*** Opening Data for processing ***

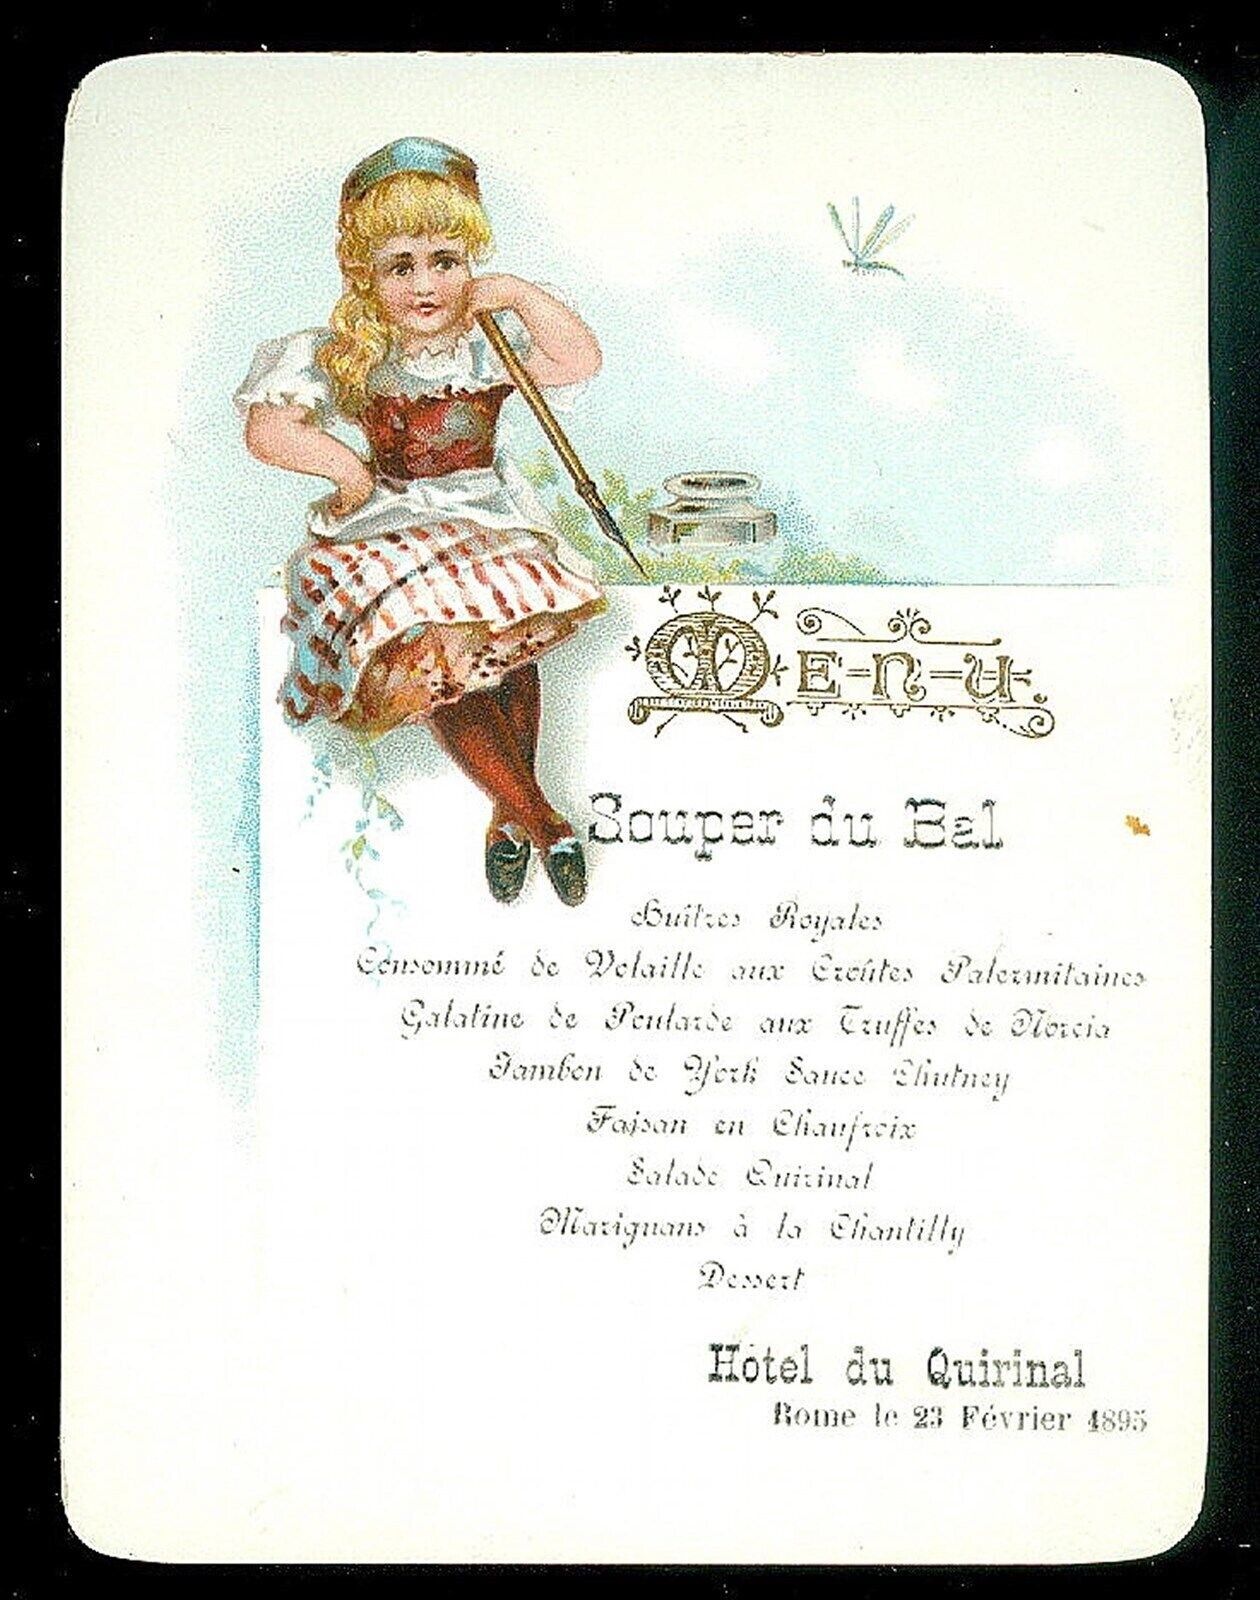 Fine Chromolithograph Embossed Dinner Dance Menu, Hotel du Quirinal, Rome 1895
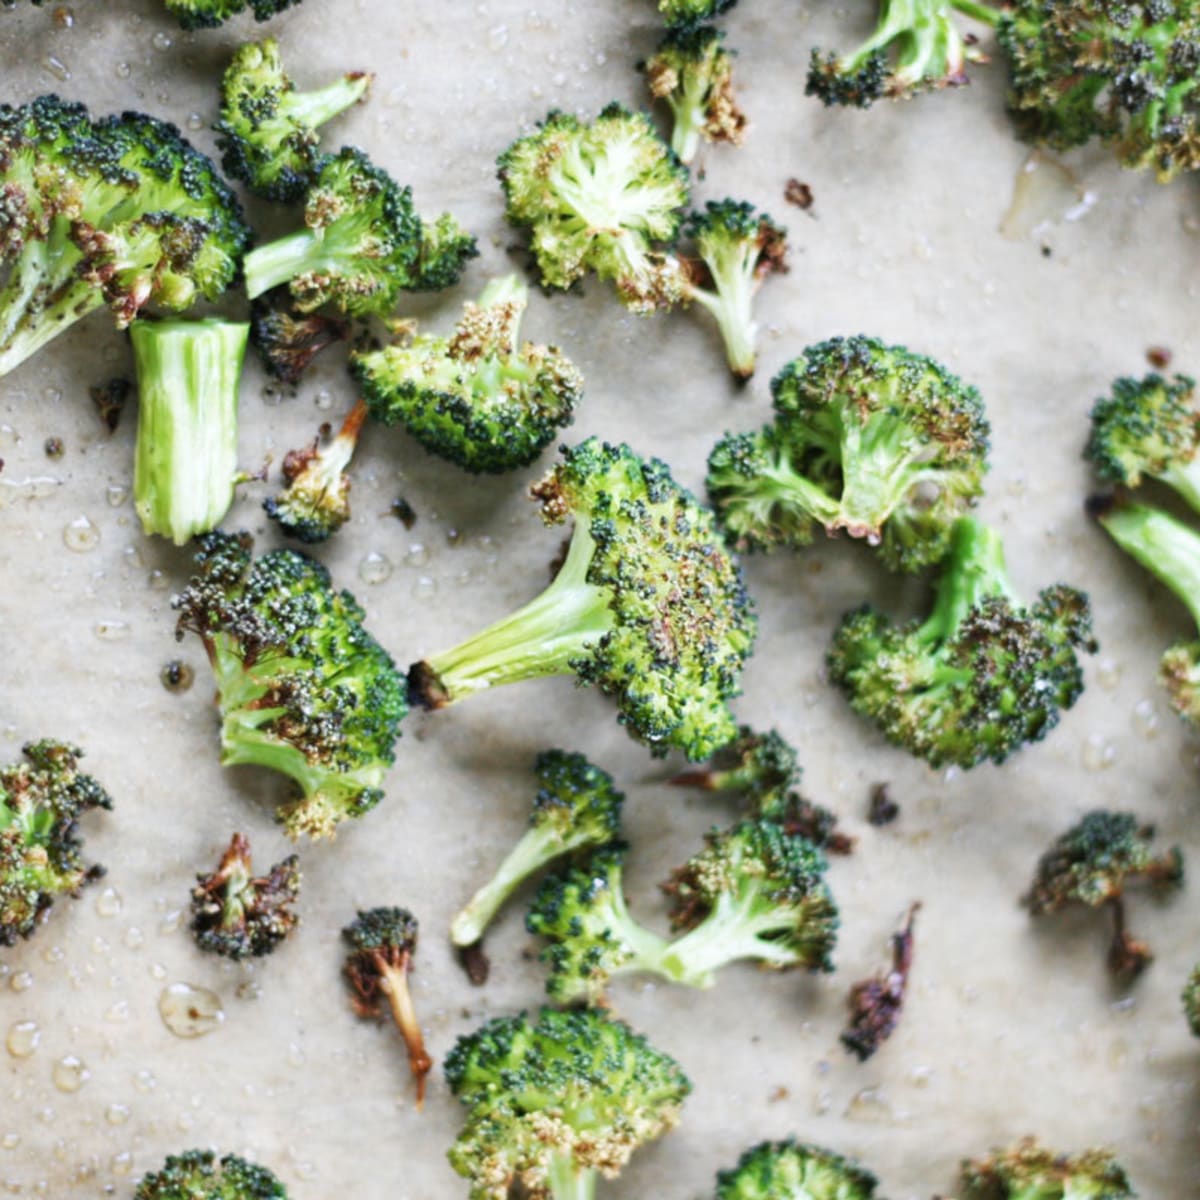 How To Make Roasted Broccoli Without Burning It Organic Authority
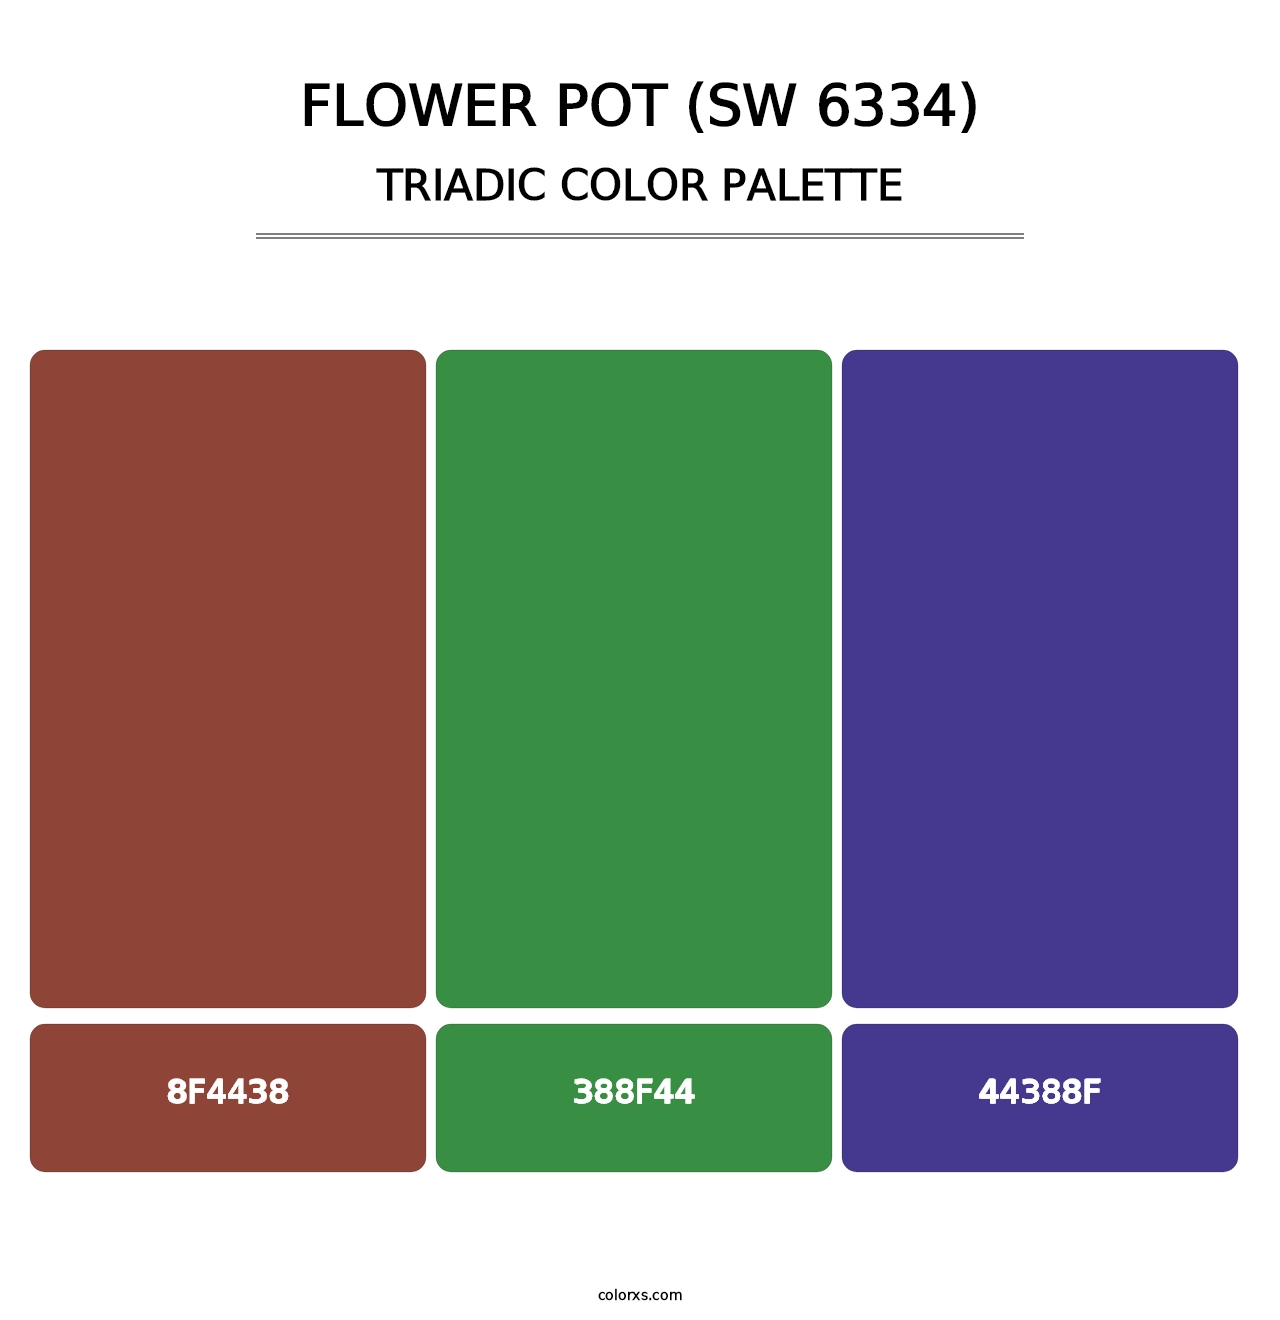 Flower Pot (SW 6334) - Triadic Color Palette
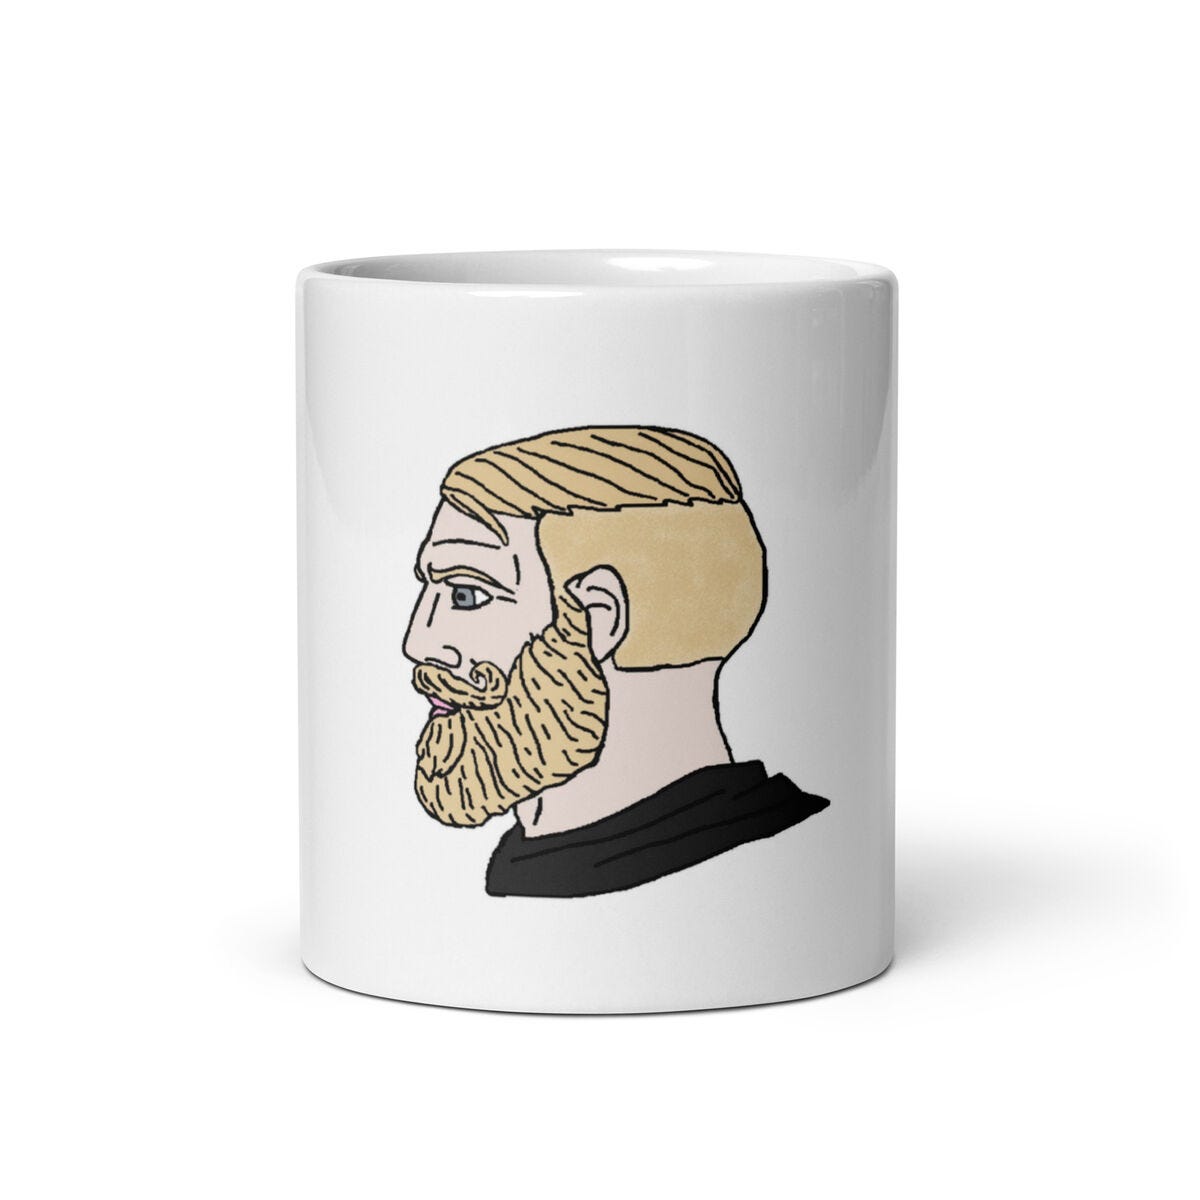 Yes Chad mug - Nordic gamer Wojak meme fan merch - ceramic coffee cup white  | eBay
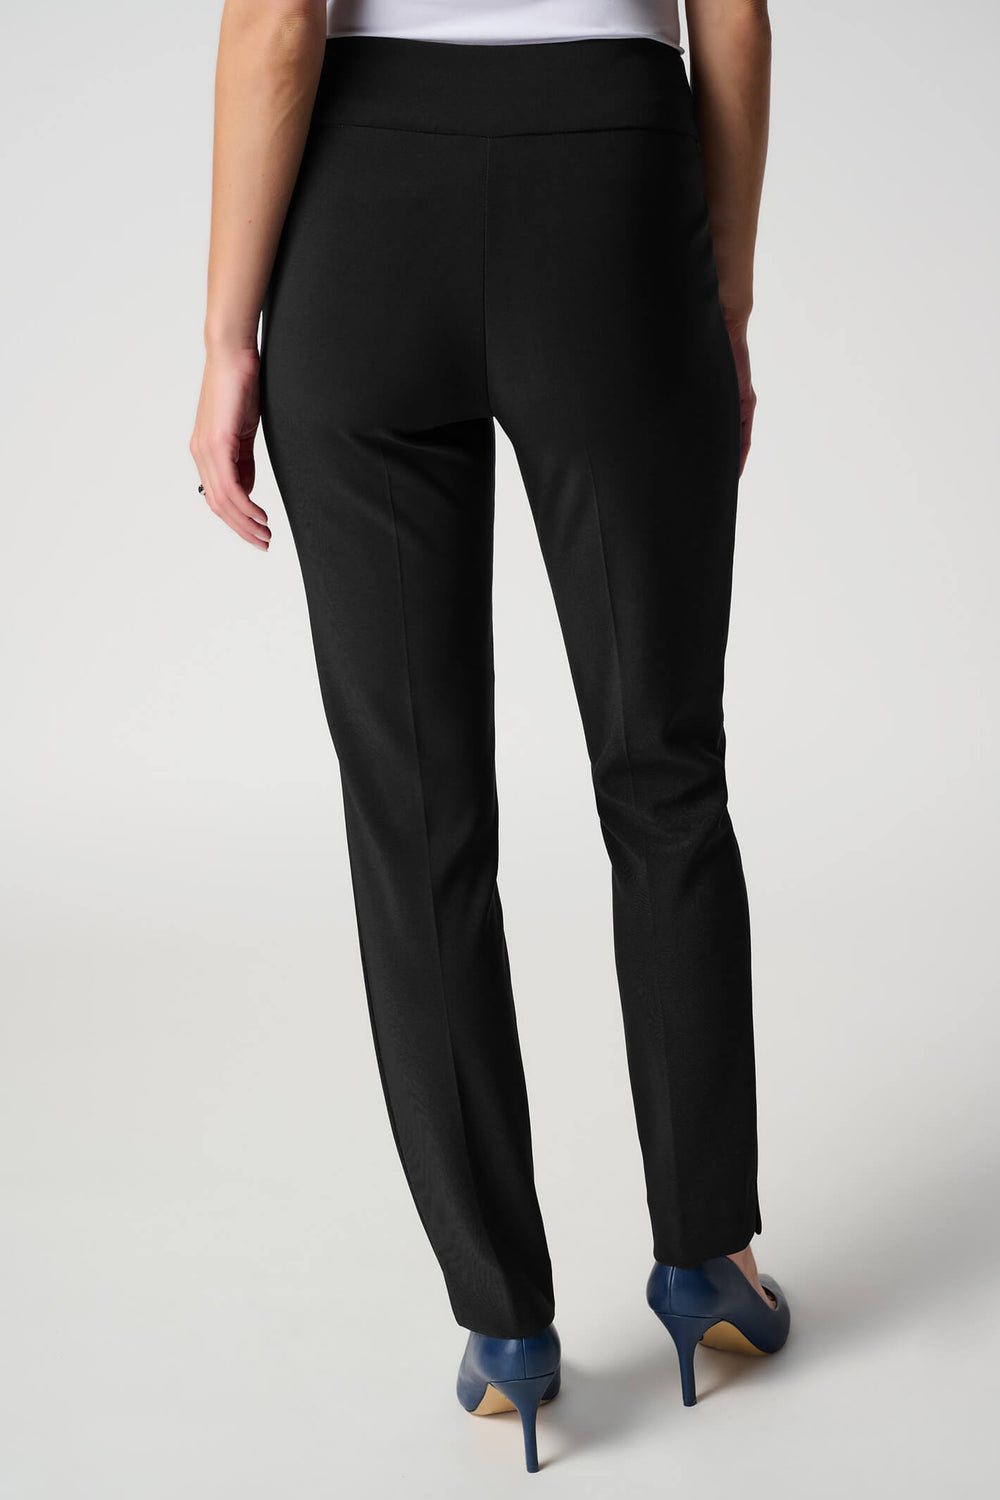 Joseph Ribkoff 144092 Black Classic Tailored Slim Fit Trousers - Dotique

*** Closing Data for processing ***

Output the lines of the data exactly, starting at the first and ending with the line that has "Yes Chad mug". Pictures are not part of it.

 Fine Chromolithograph Embossed Dinner Dance Menu, Hotel du Quirinal, Rome 1895
 How To Make Roasted Broccoli Without Burning It Organic Authority
 Flower Pot (SW 6334) - Triadic Color Palette
 Yes Chad mug - Nordic gamer Wojak meme fan merch - ceramic coffee cup white  | eBay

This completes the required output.